Providing energy from nuclear fusion

Along with making use of the sun’s radiation for our energy needs, we could also artificially re-create its power source, namely nuclear fusion. Although the theory of nuclear fusion has already been well known for more than fifty years, using fusion for commercial purposes stretches the limits of current engineering ingenuity.

A major test facility, the International Thermonuclear Experimental Reactor (ITER) is currently being built in the south of France. It aims at producing a long pulse of energy release out of the fusion of deuterium and tritium. The required deuterium can be produced from water. Tritium — a radioactive material — can be produced out of lithium. The fuels are heated to a plasma state and compressed by magnetic forces.

It is hoped that the new test facility will enable the solving of various technical and safety issues. Among other things, superconducting magnets will have to be improved and advanced vacuum techniques developed. Methods will also be needed for confining the radioactivity from fast flying neutrons within the reactor. Moreover, releases of radioactive tritium fuel will have to be prevented. In a later stage, one of the challenges will be to replace tritium with a new generation of fuel and thus reduce radioactivity by several orders of magnitude.

Developing carbon sequestration methods

Until engineers are able to overcome the practical barriers of solar power and nuclear fusion, fossil fuels will remain the primary source of energy. To limit the impact on climate change of this continued use of fossil fuels, methods are being developed for capturing the carbon dioxide from combustion emissions and storing it underground.

The NAE panel of experts sees three principal avenues to be investigated for carbon capture:

  • Using chemicals to isolate the carbon dioxide from the other gasses, and then separating the carbon dioxide from the absorbing chemicals.
  • Burning coal in pure oxygen, making the separation of carbon dioxide from the exhaust gases much easier. This shifts the problem to discovering an economically viable method of mass producing pure oxygen.
  • Making use of coal gasification, producing hydrogen and carbon monoxide.
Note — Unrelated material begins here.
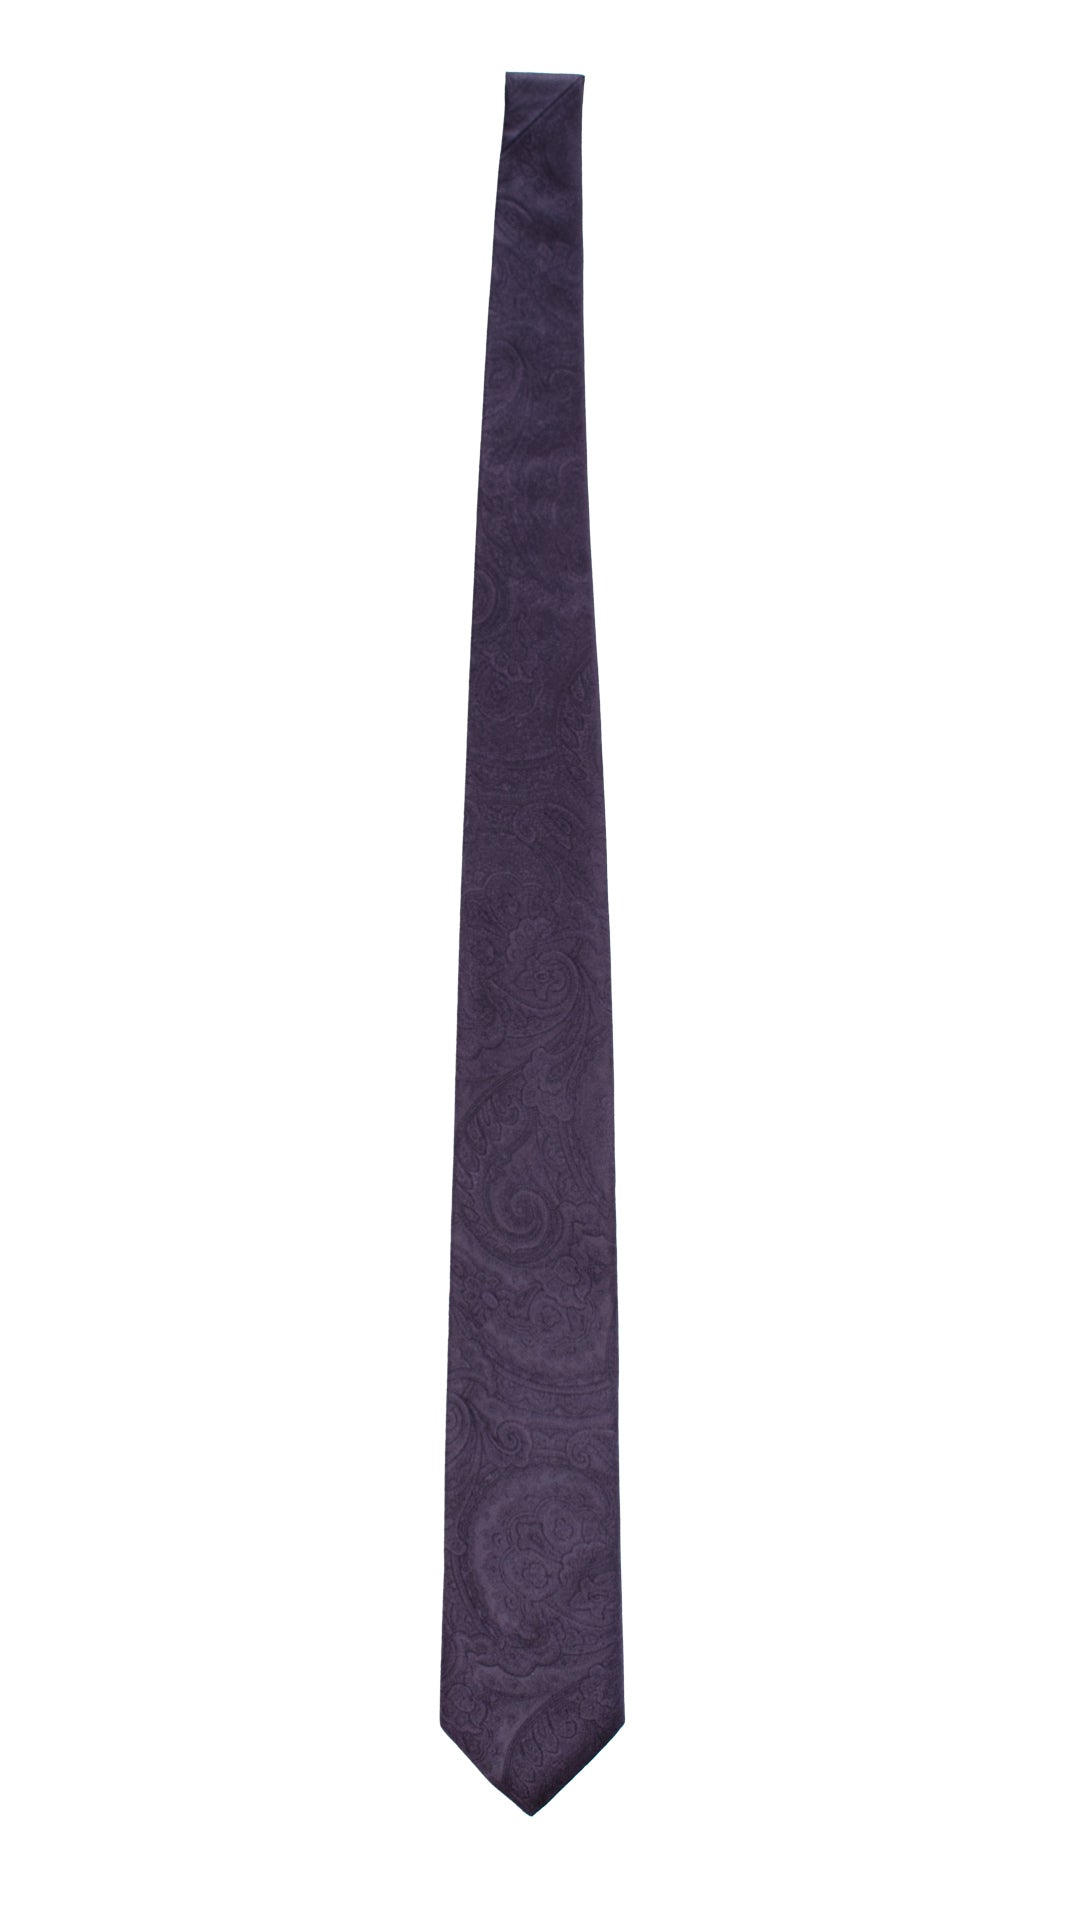 Cravatta da Cerimonia di Seta Blu Paisley Tono su Tono CY6564 Pala

By adding steam and a catalyst, the carbon monoxide can be transformed into additional hydrogen and carbon dioxide. The latter can be filtered out of the system, while the hydrogen can be burned in a gas turbine to produce electric power.

For carbon storage, the following tracks are being investigated:

  • Storing the carbon dioxide in old gas and oil fields. However, those fields do not presently have enough capacity if carbon sequestration would become common practice.
  • Storing it in sedimentary brine formations more than 800 metres underground. This kind of storages will have to be secure enough to store the carbon dioxide for centuries or millennia. It will be an engineering and geological challenge to choose and monitor such sites carefully.
  • Injecting the carbon dioxide in sediments beneath the ocean floor. High pressure from the ocean will keep the carbon dioxide inside the sediments. In this case, the challenge is mainly to develop a cost effective technique.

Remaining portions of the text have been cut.